A curated list of resources on implicit neural representations, inspired by awesome-computer-vision.
I am looking for graduate students to join my new lab at MIT CSAIL in July 2022. If you are excited about neural implicit representations, neural rendering, neural scene representations, and their applications in vision, graphics, and robotics, apply here! In the webform, you can choose me as "Potential Adviser", and in your SoP, please describe how our research interests are well-aligned. The deadline is Dec 15th!
This list does not aim to be exhaustive, as implicit neural representations are a rapidly growing research field with hundreds of papers to date. Instead, it lists the papers that I give my students to read, which introduce key concepts & foundations of implicit neural representations across applications. I will therefore generally not merge pull requests. This is not an evaluation of the quality or impact of a paper, but rather the result of my and my students' research interests.
However, if you see potential for another list that is broader or narrower in scope, get in touch, and I'm happy to link to it right here and contribute to it as well as I can!

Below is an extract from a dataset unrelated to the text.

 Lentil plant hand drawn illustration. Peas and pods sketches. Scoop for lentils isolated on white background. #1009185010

Disclosure: I am an author on the following papers.
- Scene Representation Networks: Continuous 3D-Structure-Aware Neural Scene Representations
- MetaSDF: MetaSDF: Meta-Learning Signed Distance Functions
- Implicit Neural Representations with Periodic Activation Functions
- Inferring Semantic Information with 3D Neural Scene Representations
- Light Field Networks: Neural Scene Representations with Single-Evaluation Rendering
Implicit Neural Representations (sometimes also referred to as coordinate-based representations) are a novel way to parameterize signals of all kinds. Conventional signal representations are usually discrete - for instance, images are discrete grids of pixels, audio signals are discrete samples of amplitudes, and 3D shapes are usually parameterized as grids of voxels, point clouds, or meshes. In contrast, Implicit Neural Representations parameterize a signal as a continuous function that maps the domain of the signal (i.e., a coordinate, such as a pixel coordinate for an image) to whatever is at that coordinate (for an image, an R,G,B color). Of course, these functions are usually not analytically tractable - it is impossible to "write down" the function that parameterizes a natural image as a mathematical formula. Implicit Neural Representations thus approximate that function via a neural network.

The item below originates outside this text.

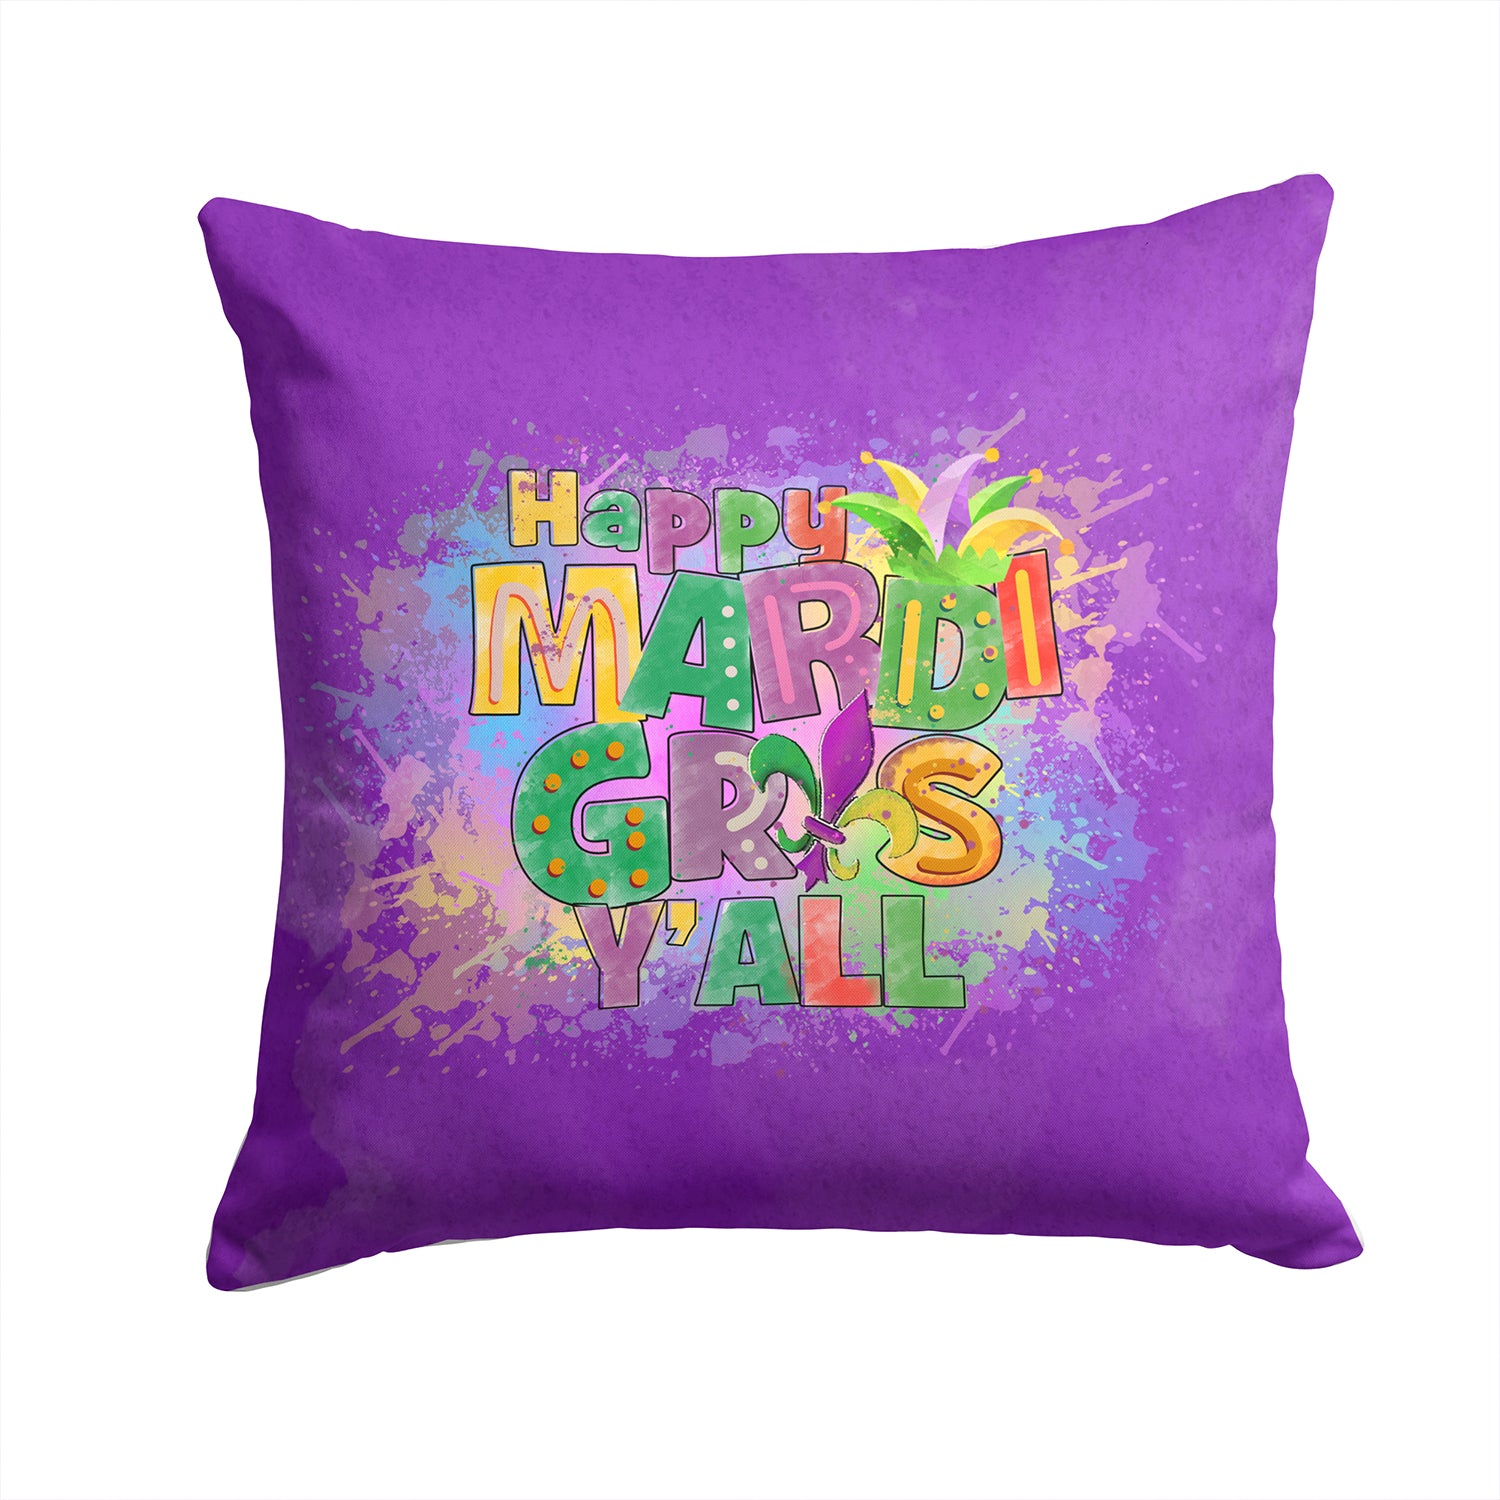 Buy this Happy Mardi Gras Y'all Fabric Decorative Pillow

Implicit Neural Representations have several benefits: First, they are not coupled to spatial resolution anymore, the way, for instance, an image is coupled to the number of pixels. This is because they are continuous functions! Thus, the memory required to parameterize the signal is independent of spatial resolution, and only scales with the complexity of the underyling signal. Another corollary of this is that implicit representations have "infinite resolution" - they can be sampled at arbitrary spatial resolutions.
This is immediately useful for a number of applications, such as super-resolution, or in parameterizing signals in 3D and higher dimensions, where memory requirements grow intractably fast with spatial resolution. Further, generalizing across neural implicit representations amounts to learning a prior over a space of functions, implemented via learning a prior over the weights of neural networks - this is commonly referred to as meta-learning and is an extremely exciting intersection of two very active research areas! Another exciting overlap is between neural implicit representations and the study of symmetries in neural network architectures - for intance, creating a neural network architecture that is 3D rotation-equivariant immediately yields a viable path to rotation-equivariant generative models via neural implicit representations.
Another key promise of implicit neural representations lie in algorithms that directly operate in the space of these representations. In other words: What's the "convolutional neural network" equivalent of a neural network operating on images represented by implicit representations?
This is a list of Google Colabs that immediately allow you to jump in and toy around with implicit neural representations!
- Implicit Neural Representations with Periodic Activation Functions shows how to fit images, audio signals, and even solve simple Partial Differential Equations with the SIREN architecture.
- Neural Radiance Fields (NeRF) shows how to fit a neural radiance field, allowing novel view synthesis of a single 3D scene.
- MetaSDF & MetaSiren shows how you can leverage gradient-based meta-learning to generalize across neural implicit representations.
- Neural Descriptor Fields Learn how you can use globally conditioned neural implicit representations as self-supervised correspondence learners, enabling robotics imitation tasks.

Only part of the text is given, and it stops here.